Museum bosses were applying to Art’s Council England’s Museum Estate and Development (MEND) fund for support to enable the renovation of the gallery’s roof.

If successful, they would receive around £800,000 and an additional £201,000 of Bury Council’s capital reserve would be needed to meet the cost.

If the funding from MEND is not received, the council will recommend that the entire costs are met from the council’s capital budget.

Bury Art Museum opened in 1901 and was purpose-built to display the Wrigley Collection of Victorian art gifted to the people of Bury. A condition of the gift was that a gallery was built to house it.


The first Afghan family of refugees were resettled in Bury.

They said were ‘overwhelmed’ at the warm welcome they received

Bury Council made available an extra 10 homes in the borough to those fleeing Afghanistan as part of a national programme of resettlement, meaning between 30 and 40 refugees are to settle in the borough.

In addition to the Afghan crisis response, the authority supports the dispersal of around 40 families each year, through government agency Serco, who deal with asylum seekers and refugees.


Football fans were celebrating this month when £1m of government ‘levelling up’ funding was handed to Bury FC campaigners to help buy up Gigg Lane.

Announcing the award, Michael Gove, the Secretary of State said the collapse of The Shakers in 2019 was a “stain on English football”.

Bury FC Supporters Society, otherwise known as Forever Bury, with the Community Ownership Fund, had lodged a bid to secure the historic ground’s future.

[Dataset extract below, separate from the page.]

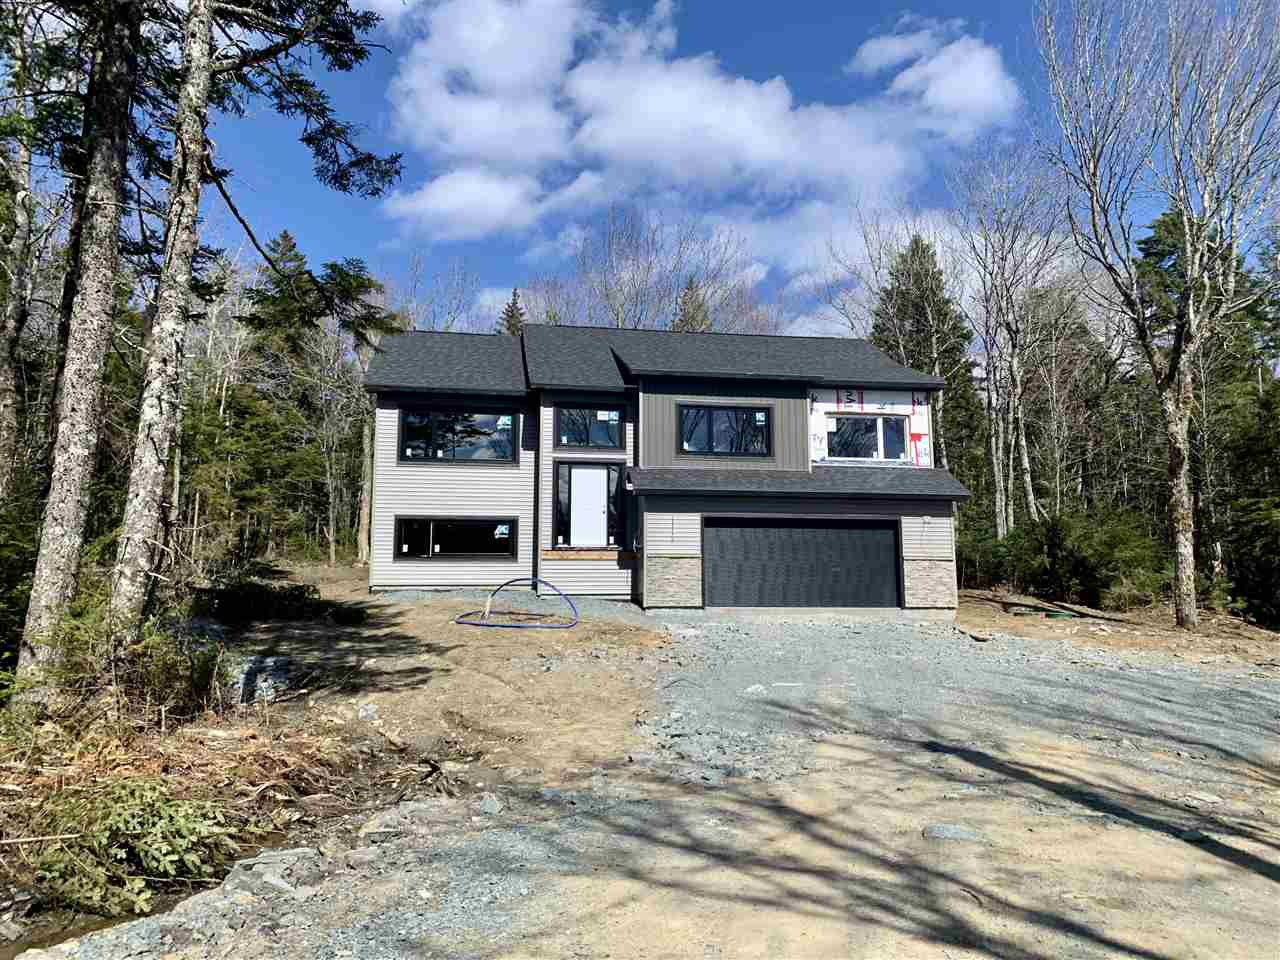 Main Photo: Lot 722 95 Gaspereau Run in Sackville: 26-Beaverbank, Upper Sackville Residential for sale (Halifax-Dartmouth)  : MLS®# 201924699
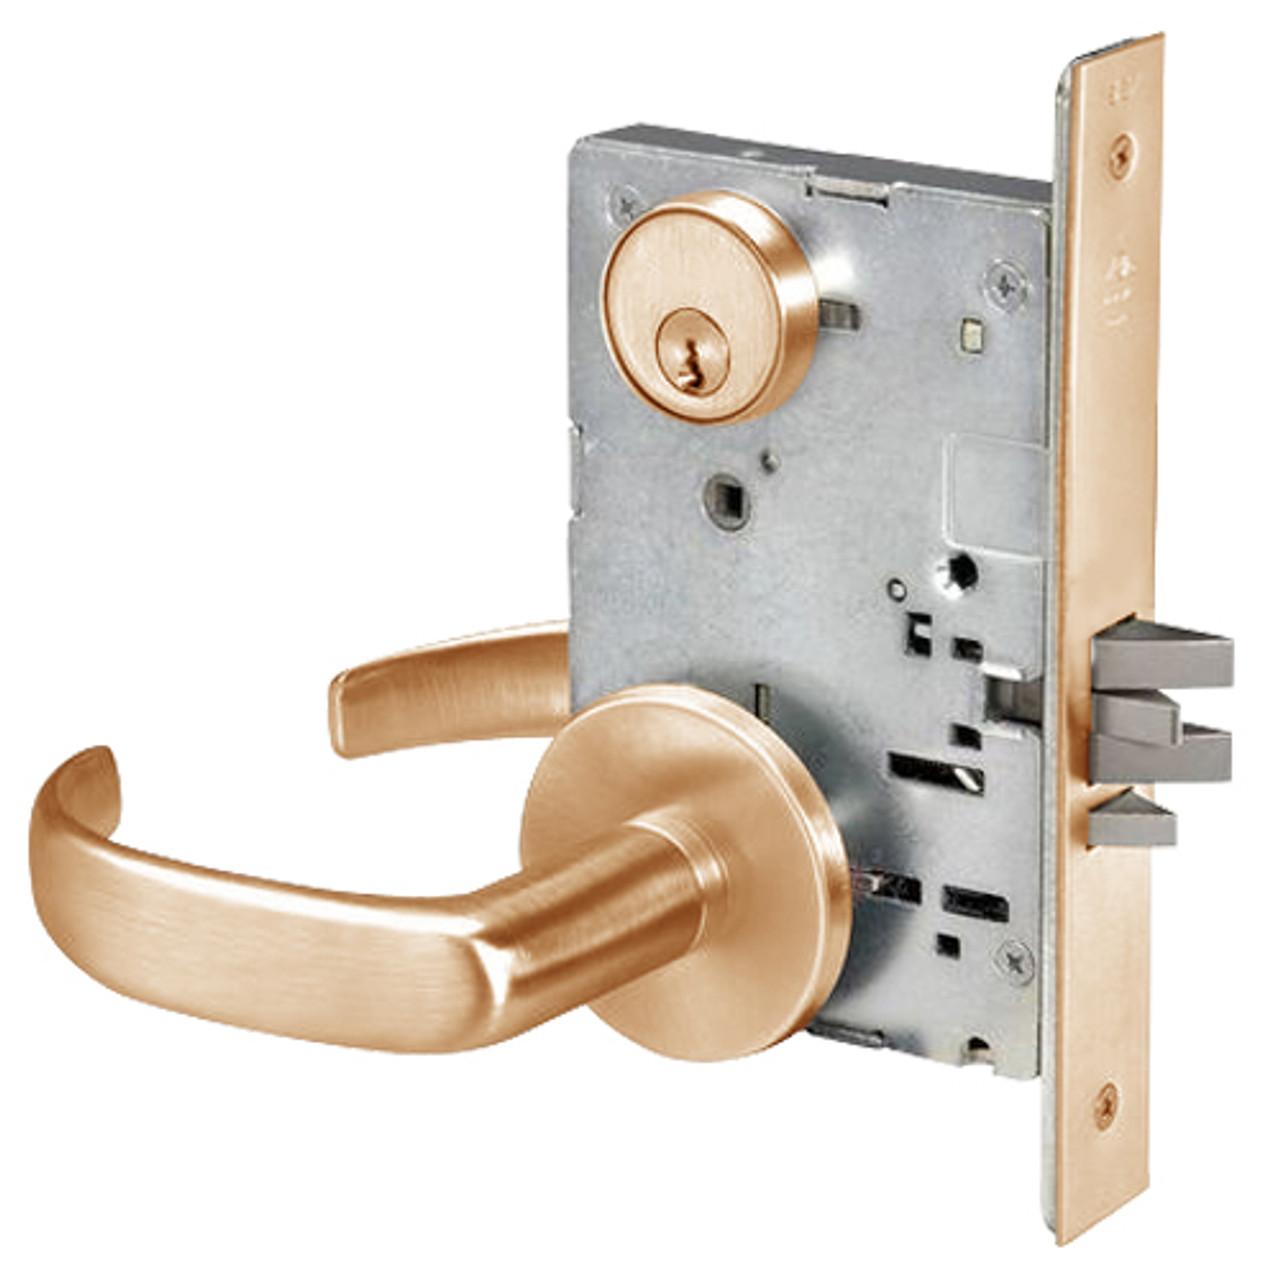 medium resolution of pbr8809fl 612 yale 8800fl series single cylinder mortise classroom w thumbturn locks with pacific beach lever in satin bronze lock depot inc

And Mr Gove confirmed the supporters collective had been successful, as campaigners look to bring football back to Gigg Lane for the 2022-23 season.

Mr Gove said: “I pay enormous tribute to Bury’s supporters, who have shown incredible resolve in their fight to bring their beloved club back to life.

“By helping rescue the historic Gigg Lane stadium, we are helping to put power back into their hands and securing a cherished asset for the wider community.”